Problem Breakdown

We are tasked with comparing two functions:

• $f(x) = x e^{2 - x}$
• $g(x) = x e^{2 - x}$

Let's analyze the problem step by step.

Part a) Find a function $h(x)$ such that solving $h(x) < 0$ will solve the original problem of $f(x) < g(x)$.

We are looking for the values of $x$ where $f(x)$ is less than $g(x)$, i.e.,

$f(x) < g(x)$

Subtract $g(x)$ from both sides to form a new function $h(x)$:

$f(x) - g(x) < 0$

Notice that:

$f(x) = x e^{2 - x}$ $g(x) = x e^{2 - x}$

So, $f(x) - g(x) = 0$.

This shows that:

$f(x) = g(x)$

for all values of $x$, meaning that $f(x)$ is never less than $g(x)$, and hence no such $x$ exists where $f(x) < g(x)$.

Therefore, there is no solution for $f(x) < g(x)$. In other words, the inequality $f(x) < g(x)$ does not hold for any value of $x$.

Part b) Find the domain of $h(x)$ in interval notation.
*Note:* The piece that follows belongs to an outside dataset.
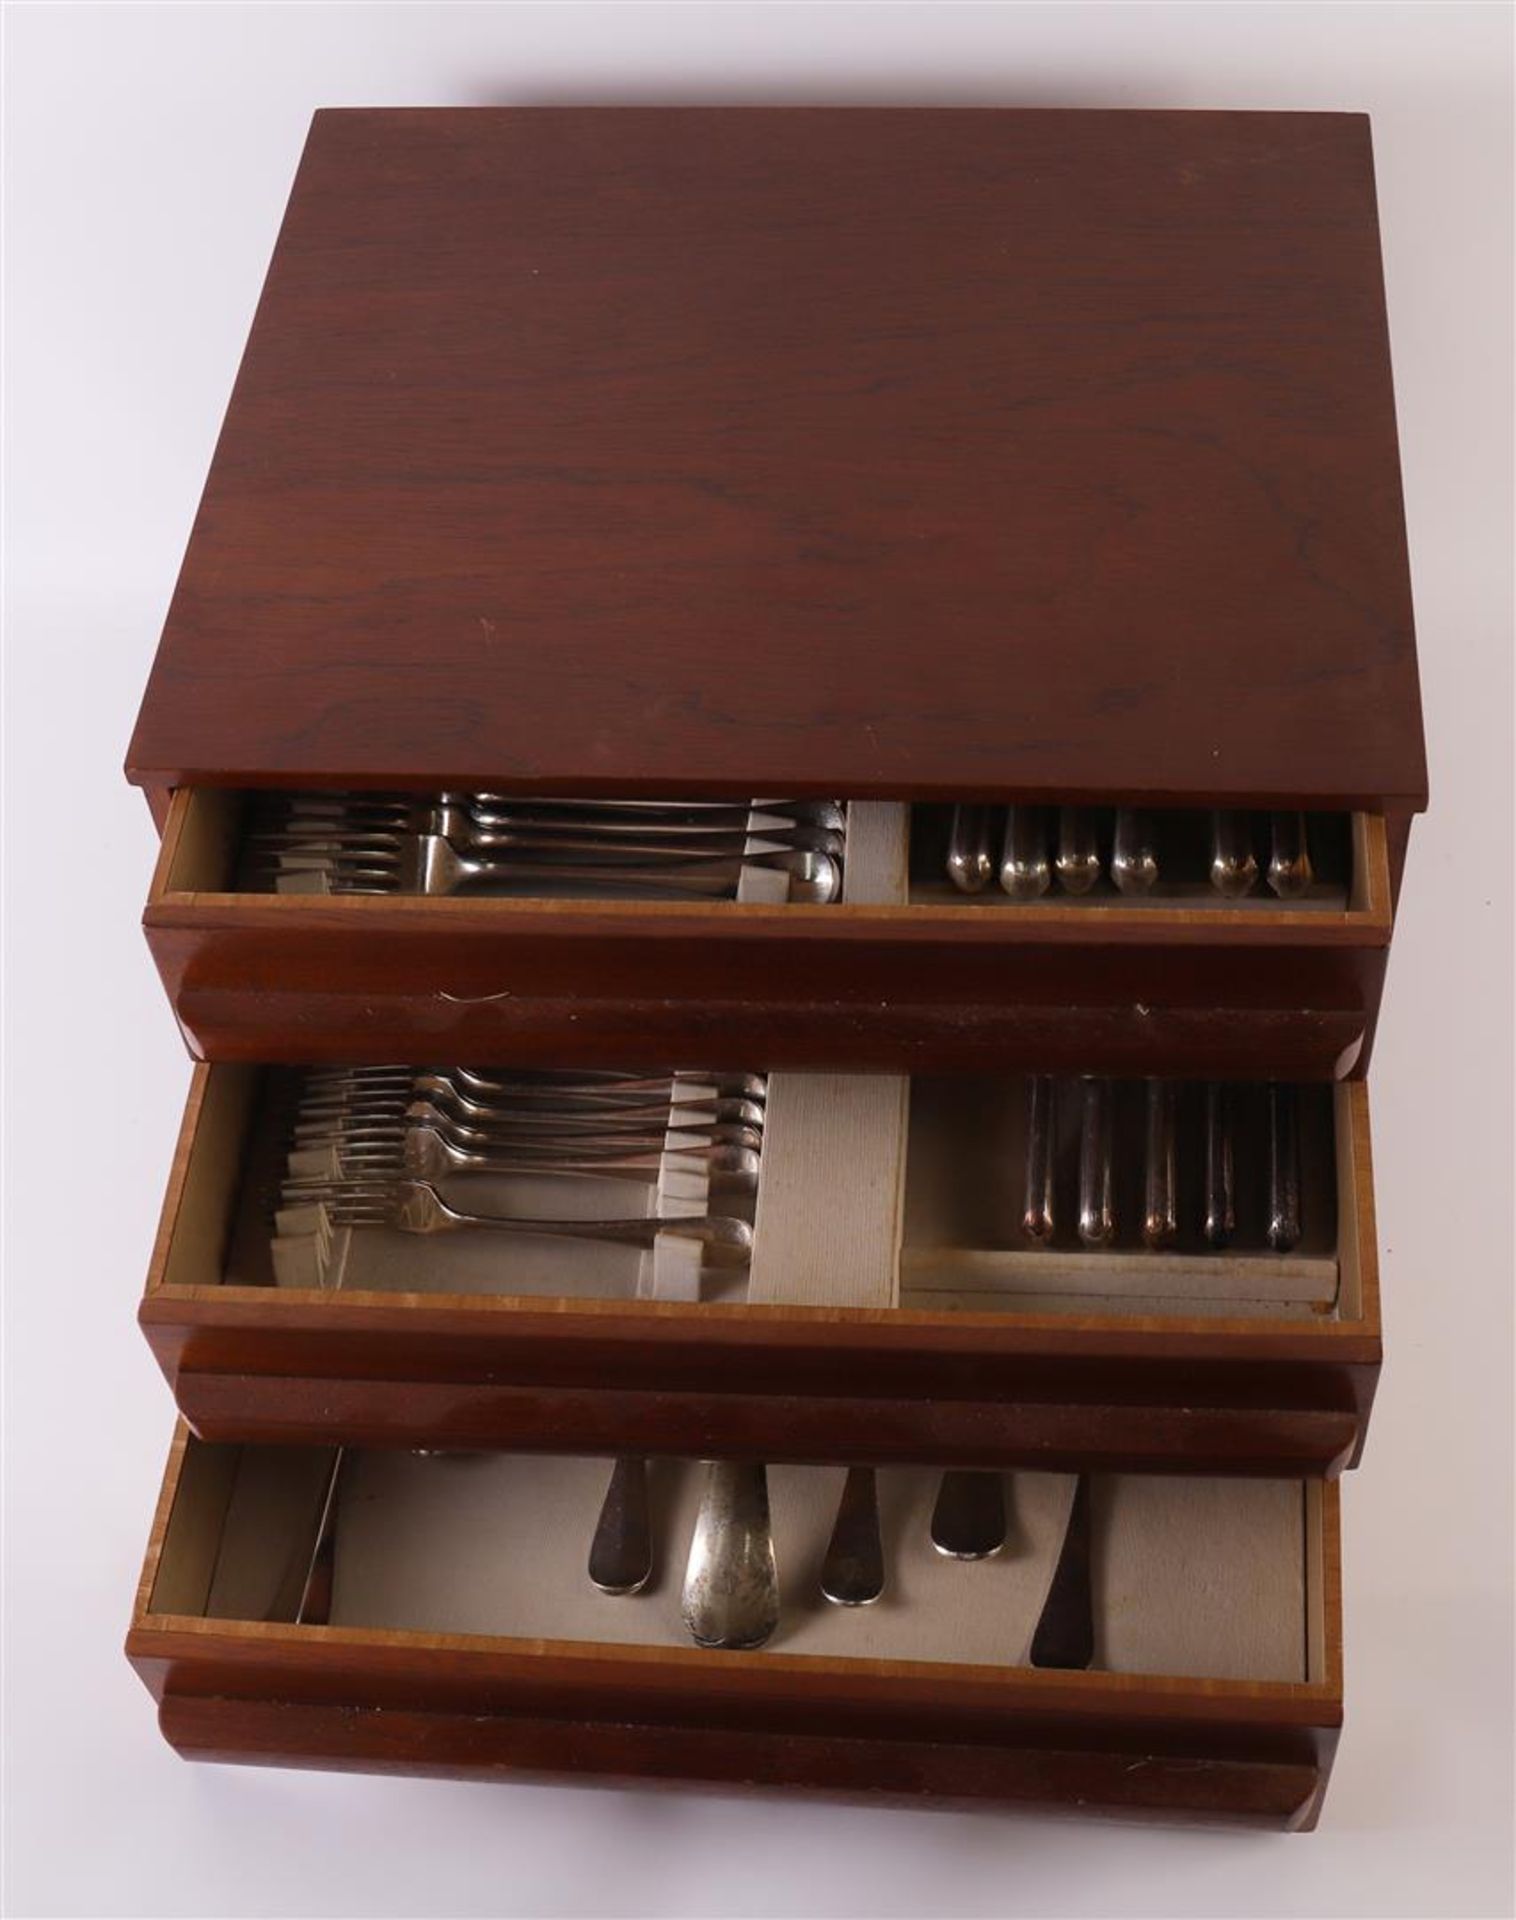 A silver-plated Keltum cutlery in cassette, 20th century.

Since $h(x) = f(x) - g(x) = 0$ for all $x$, there is no domain restriction for $h(x)$ because it is simply the constant function 0. Therefore, the domain of $h(x)$ is the same as the domain of the original functions $f(x)$ and $g(x)$, which is all real numbers.

Thus, the domain of $h(x)$ is:

$(-\infty, \infty)$

Summary

• a) The function $h(x)$ is $0$ because $f(x) = g(x)$ for all $x$. Therefore, there is no solution to the inequality $f(x) < g(x)$.
• b) The domain of $h(x)$ is $(-\infty, \infty)$.

Would you like a further explanation or have any other questions on this? Here's a related set of questions for further practice:

1. What happens when $f(x) = g(x)$?
2. How can we compare functions if they have similar forms, but slightly different expressions?
3. Can a function like $f(x)$ and $g(x)$ ever be strictly greater than or less than each other? Why or why not?
4. How do exponential terms impact the comparison of functions?
5. If $f(x) \neq g(x)$, how would you approach finding where $f(x) < g(x)$?

Tip: When comparing two functions, always subtract them first to see if the result simplifies the inequality or if it reveals a relationship between the two.